Fix It! Grammar: Practice That Leads to Mastery

Mar 06, 2023 | Posted by Andrea

Practice, practice, practice. Mastery of any skill takes practice—lots of it. Musicians repeat scales and basketball players run drills. Until the skills have been practiced enough to gain muscle memory to perfect the task at hand, they sound and look awkward. Repetition leads to mastery. Teaching Fix It! Grammar in conjunction with the Structure and Style writing method provides opportunities for students to review, practice, and refine grammar concepts so they master them in their own writing.

Adding Fix It! Grammar to the writing instruction, where grammar is taught in context, gives students fifteen minutes a day to practice the skills they are learning in their writing course. Students are excited to complete their daily passage editing because learning the next detail of the story being presented captures their attention. The process gives them daily practice they need, but the story eliminates the boring experience of rote practice. The checklist of items to mark and errors to fix each day feels like a treasure hunt. Students enjoy checking items off the list as they find them.

The stories are filled with rich vocabulary enabling students to build lists of words they can use in their own assignments. Additionally, the complex sentence structures in Fix It! Grammar model for students how to combine ideas by adding phrases and clauses to their own simple sentences.

The pacing of Fix It! Grammar mirrors Structure and Style for Students. Stylistic techniques and their corresponding grammar rules are added one at a time, giving students time to practice before a new rule is added. The program is especially strong in reinforcing basic grammar rules by revisiting them often during the year and over the course of each subsequent year.
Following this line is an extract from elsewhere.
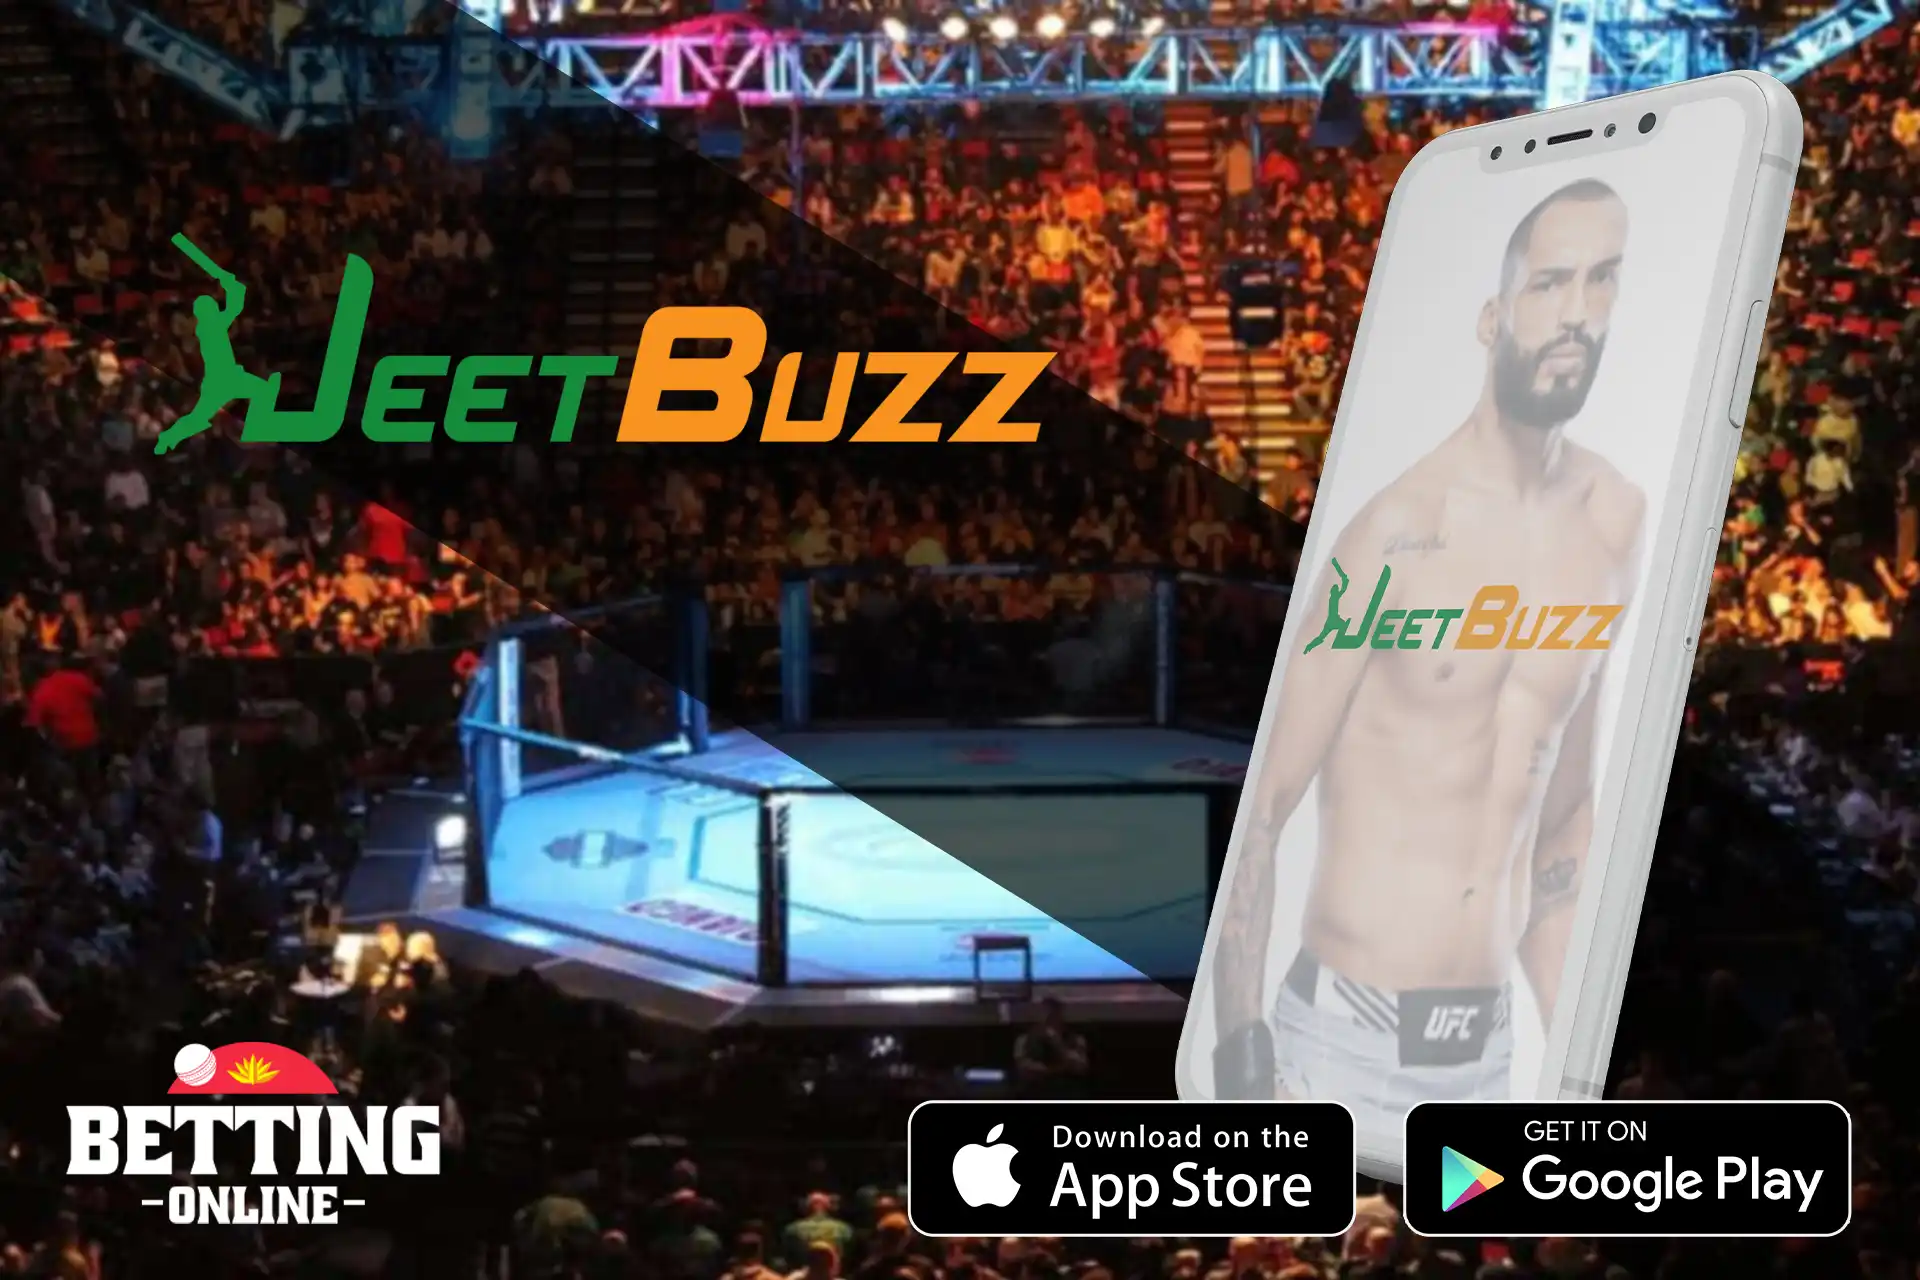 Place your bets at JeetBuzz on all the UFC fights that will take place in the near future.

As students move through the levels, they learn more complicated nuances to these rules suitable for their level. For example, in Level 1 Nose Tree, students learn that who/which clauses are set off with commas. When they reach Level 4 Mowgli and Shere Khan, they learn that essential who/which clauses do not require commas. Students who complete all six levels will gain sophisticated grammar knowledge.

Another strength is that the concepts are taught in context so the students’ comprehension of the rules increases. Rather than trying to apply the rules to arbitrary sentences, the cohesiveness of the sentences in relation to the story helps the students understand the “why.” When comprehension in context occurs, students are able to apply the grammar rules to their own writing. The editing process mirrors the writing process.
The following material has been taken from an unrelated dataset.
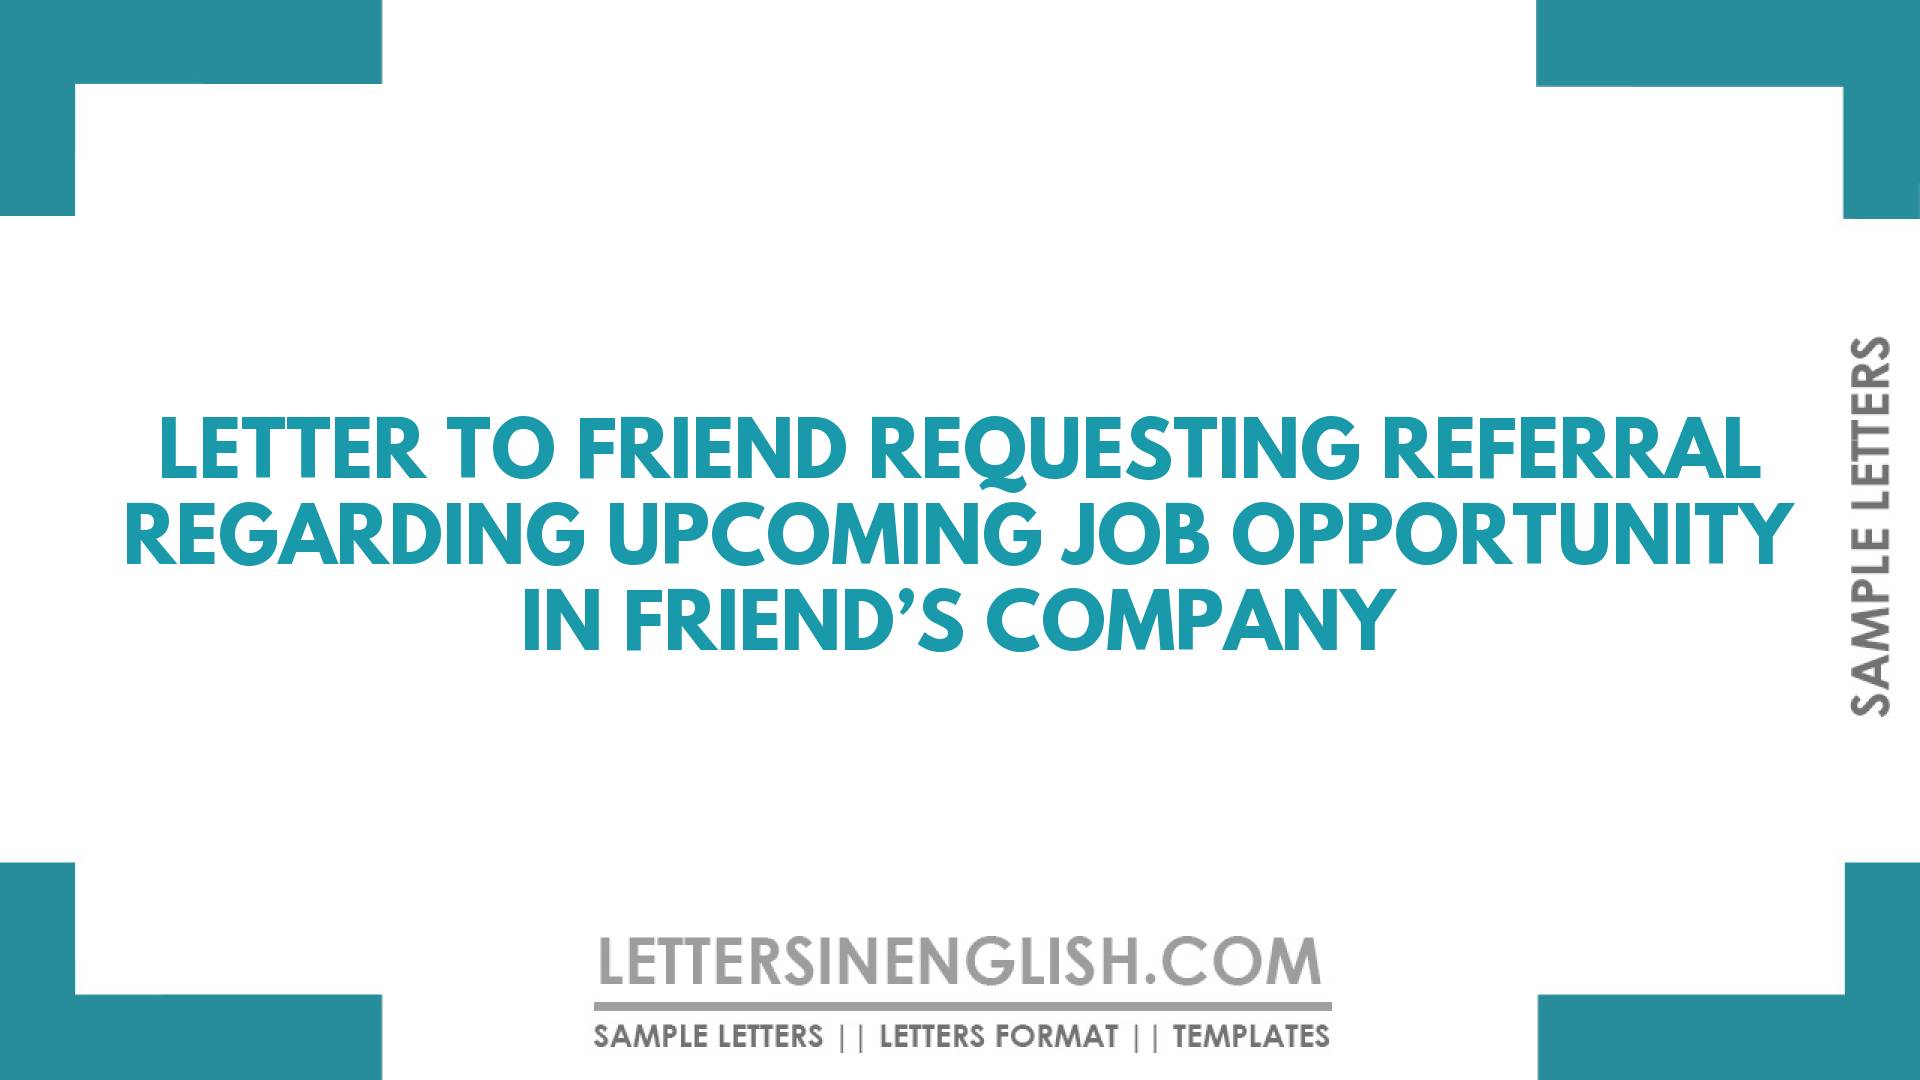 Letter To Friend Requesting Referral Regarding Upcoming Job Opportunity In Friend’s Company

The program also provides resources for teachers to review concepts at the point of need for individual students or an entire class. When grading writing assignments, teachers make a list of common grammar errors students are making. Because the Scope and Sequence in each Fix It! Grammar book lists the weeks that a concept is introduced or reinforced, teachers can quickly guide students to a mini lesson to review that concept.

The Fix It! Grammar Glossary, provided in every Teacher’s Manual, is a useful resource with a full summary of grammar rules presented in the Fix It! Grammar program. The purchase of each Teacher’s Manual also entitles its owner to a download of the Fix It! Grammar Glossary to print for use in his or her own physical classroom. Each teacher must purchase his or her own Fix It! Grammar Teacher’s Manual.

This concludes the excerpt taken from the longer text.